While the subject of the painting was inspired by Ruby Bridges, Rockwell used a local girl, Lynda Gunn, as the model for his painting; her cousin, Anita Gunn, was also used. One of the marshals was modelled by William Obanhein.

After the work was published, Rockwell received "sacks of disapproving mail", one example accusing him of being a race traitor.

Legacy 

At Bridges' suggestion, President Barack Obama had the painting installed in the White House, in a hallway outside the Oval Office, from July to October 2011. Art historian William Kloss stated, "The N-word there – it sure stops you.
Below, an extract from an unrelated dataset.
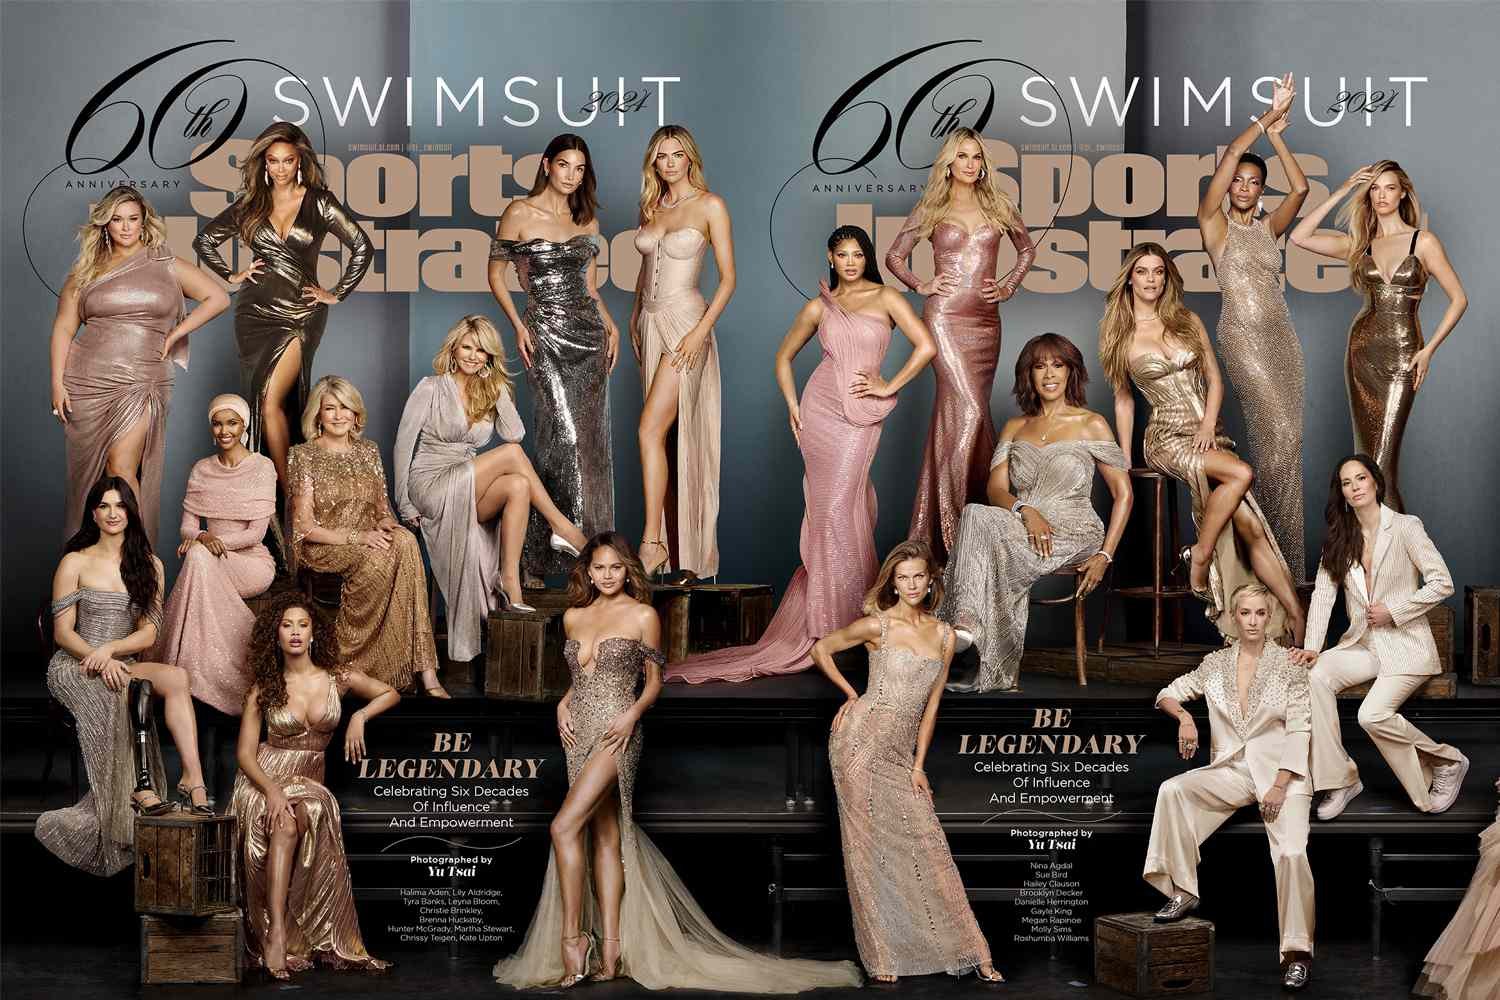 SI Swimsuit celebrates 60th anniversary with Martha Stewart, Tyra Banks and more

There's a realistic reason for having the graffiti as a slur, [but] it's also right in the middle of the painting. It's a painting that could not be hung even for a brief time in the public spaces [of the White House]. I'm pretty sure of that." Bridges and Obama viewed the painting together on July 15, 2011, and he told her, "I think it's fair to say that if it hadn't been for you guys, I might not be here and we wouldn't be looking at this together."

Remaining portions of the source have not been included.